Is it possible to give a data set to train a document understanding module? Or do I have to map?

Hello,

I am exploring the FinancialStatements document understanding ML package.

I understand how to feed it financial statments and map the different accounts to it. However, am I required to map actual pdf documents? Am I able to instead give it a dataset in excel that has mappings? It would be much much faster.

let me know!

@Asanka

There are few fields which the pretrained mode can extract…for those you need not train as well…

https://du.uipath.com/ie/financial_statements/info/model

But if you need any new fields which it is not getting then yes you have to mark and label the data…

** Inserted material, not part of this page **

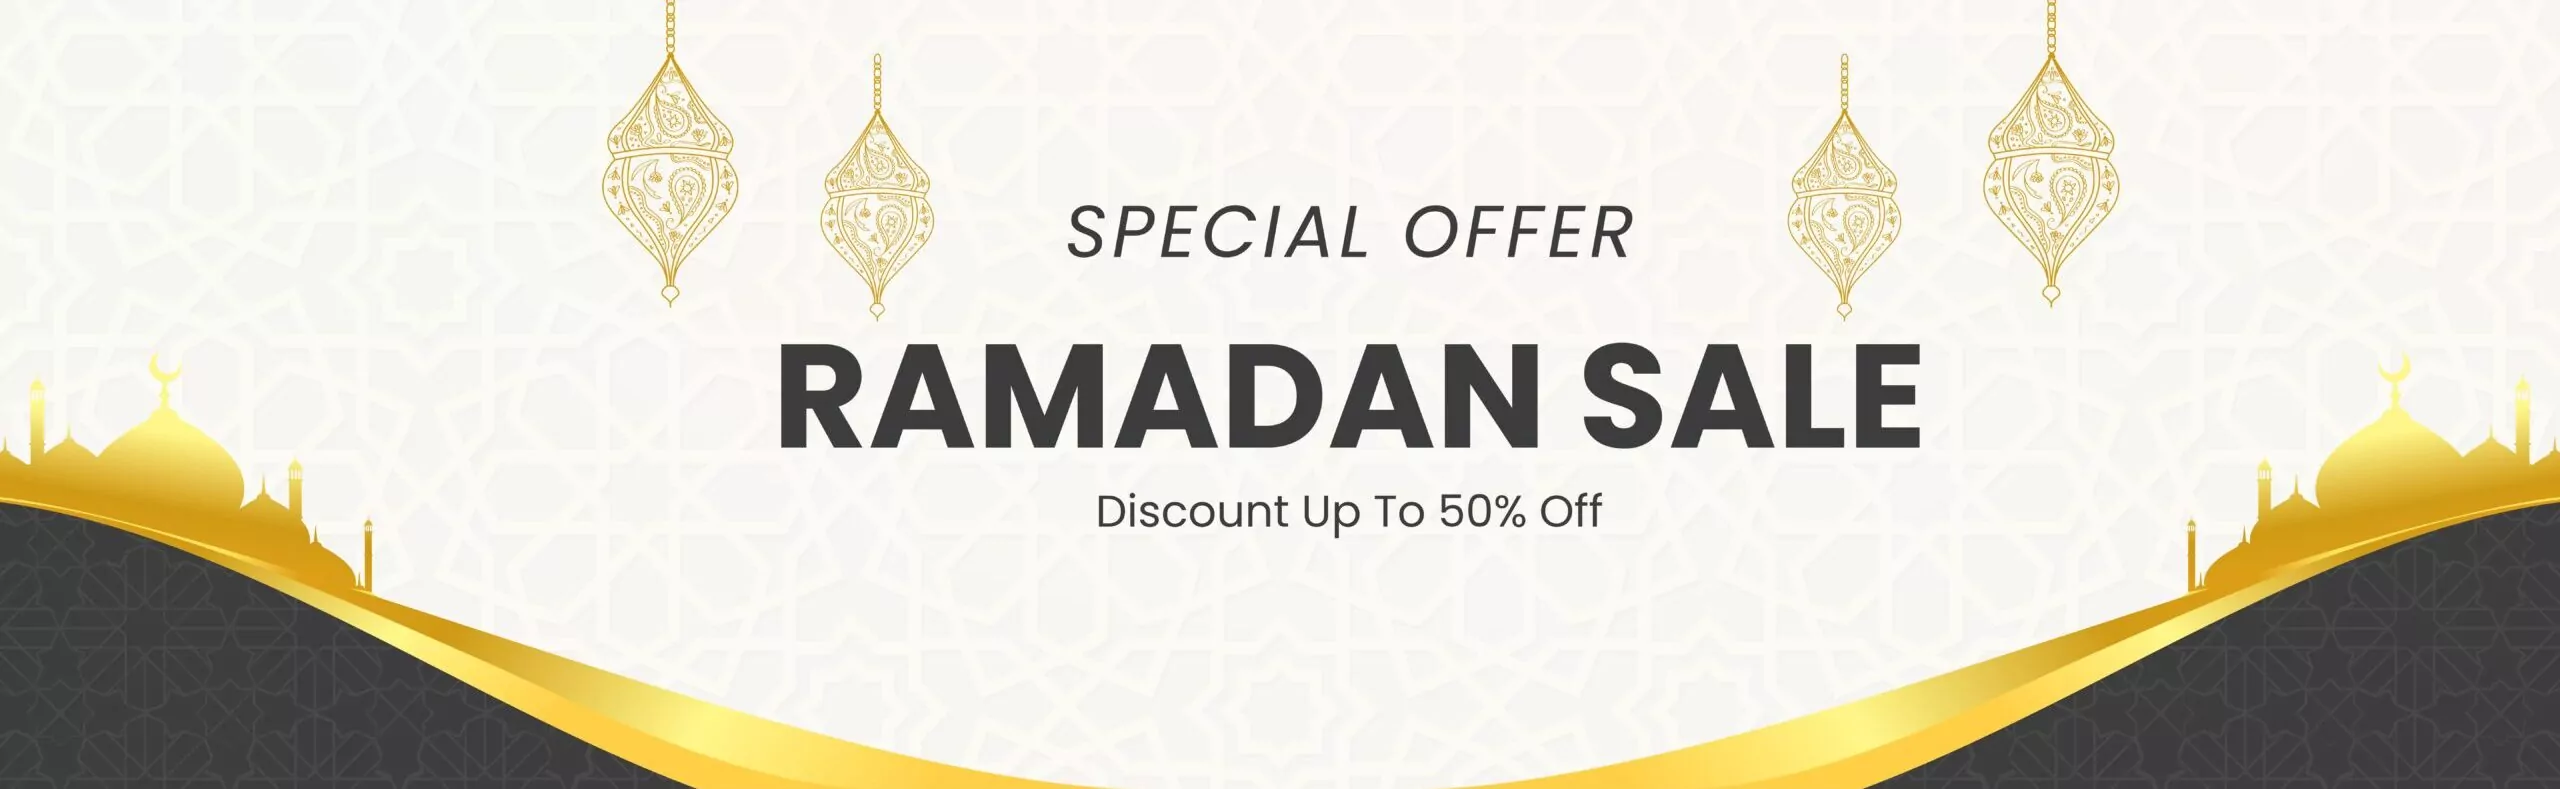 ramadan-sale-page

Cav upload is not an option or is not available…and also different files might have different fields of same type so for new fields generally we have to indicate

https://docs.uipath.com/document-understanding/automation-cloud/latest/user-guide/out-of-the-box-pre-trained-ml-packages

Cheers

oh thats too bad. Was hoping I could just upload a csv file that would just indicate all the possible mappings…

@Asanka

It cannot indicate…once you indicate it can train and give you back…so that is the reason you have a training that you need to perform for any new fields

Hope this clears

Cheers

I don’t fully understand what you are saying. But I think you are saying I will need to manually map over 100 financial statements to make this work. Instead of being able to upload csv with all possible mappings

@Asanka

To Make it simple

Yes Thats what I mean…and that is what we have to do…There is no way to upload csv and it would understand for this model.

cheers

Hi @Asanka ,

We might not need to necessarily map all the 100 fields since some of the fields might already be detected by the FinancialStatements endpoint as mentioned by @Anil_G .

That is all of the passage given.